The error seems to be from the ROI.

[14442C10B12849D200] [16.722] [SpatialDetectionNetwork(1)] [error] ROI x:0.7597127 y:0.902489 width:0 height:0 is not a valid rectangle.

... gets posted.

Also, there are only 28 detections always (for Face or Mobile networks), why is that?

P.S: trying with the following:
VM Workstation 15+, Ubuntu 20.04, OAK-D, Depathai 2.1.0.0, model: posenet_0005

    Hi tarocal ,

    Great question. This is possible and supported. So from what I'm seeing is that it's just the format of output from your network is different than the format of input that the spatial location calculator is expecting.

    So the Spatial Location Calculator needs input in the format defined here:
    https://docs.luxonis.com/projects/api/en/latest/components/nodes/spatial_location_calculator/

    And it looks like the ROI returned by your neural network are simply in a different format.

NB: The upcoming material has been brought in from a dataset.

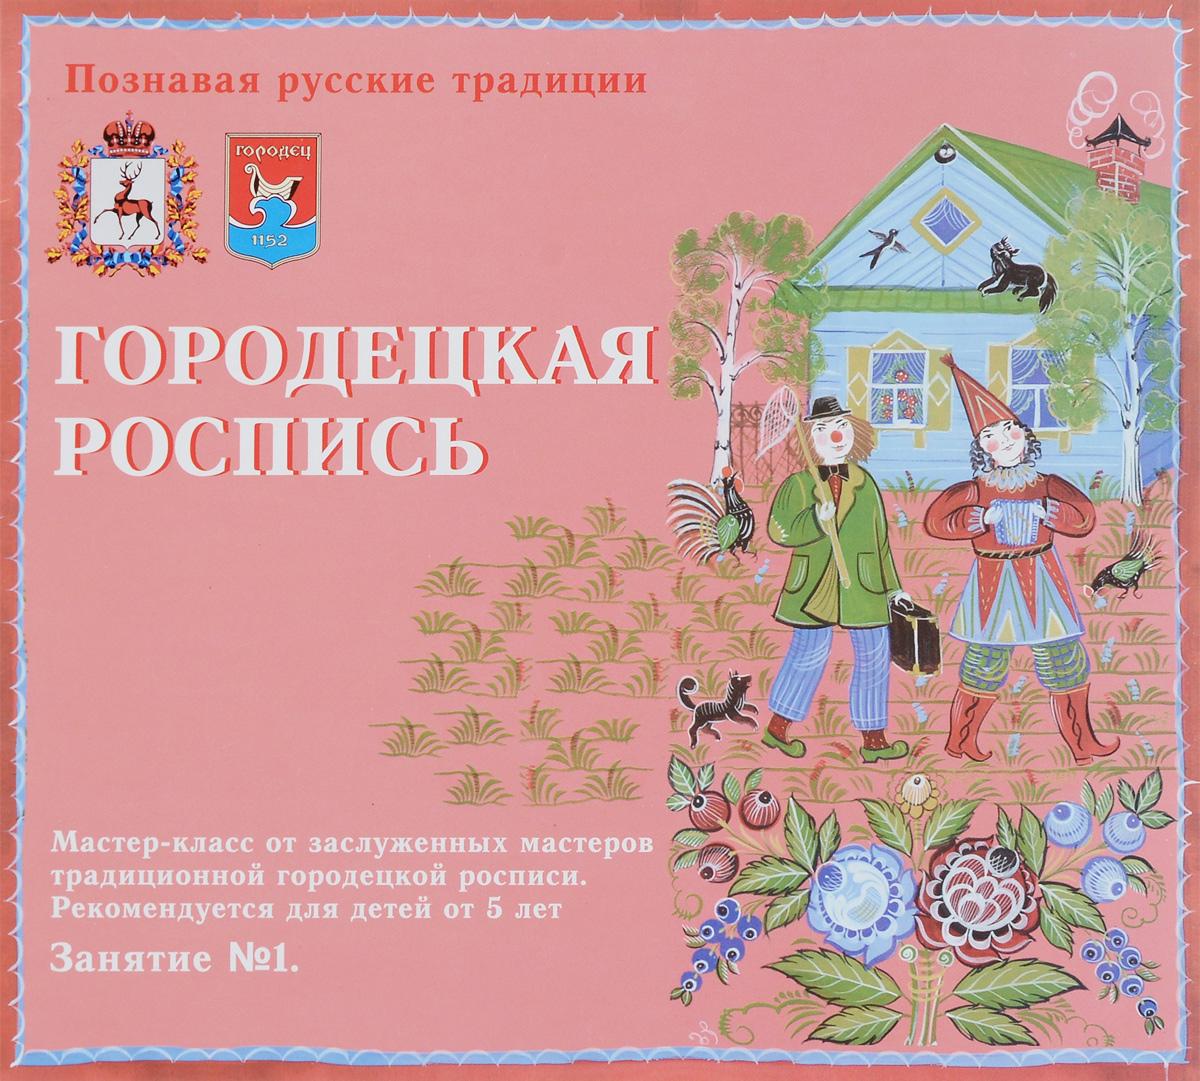 Познавая русские традиции. Городецкая роспись. Мастер-класс. Занятие №1

    So what would be required here is to process the bounding box on the host, convert the metadata results to the format that the Spatial Detection Network requires, and then feed that into the Spatial Detection Network. I think we have an example of processing custom networks on the host.

    I'm pinging Erik offline as he knows more about this than me.

    We can probably help write an example of this as well.

    Thanks,
    Brandon

    Hello tarocal ,
    As Brandon mentioned, the problem is the output of your network - apparently, it's not the same as the usual MobileNet output.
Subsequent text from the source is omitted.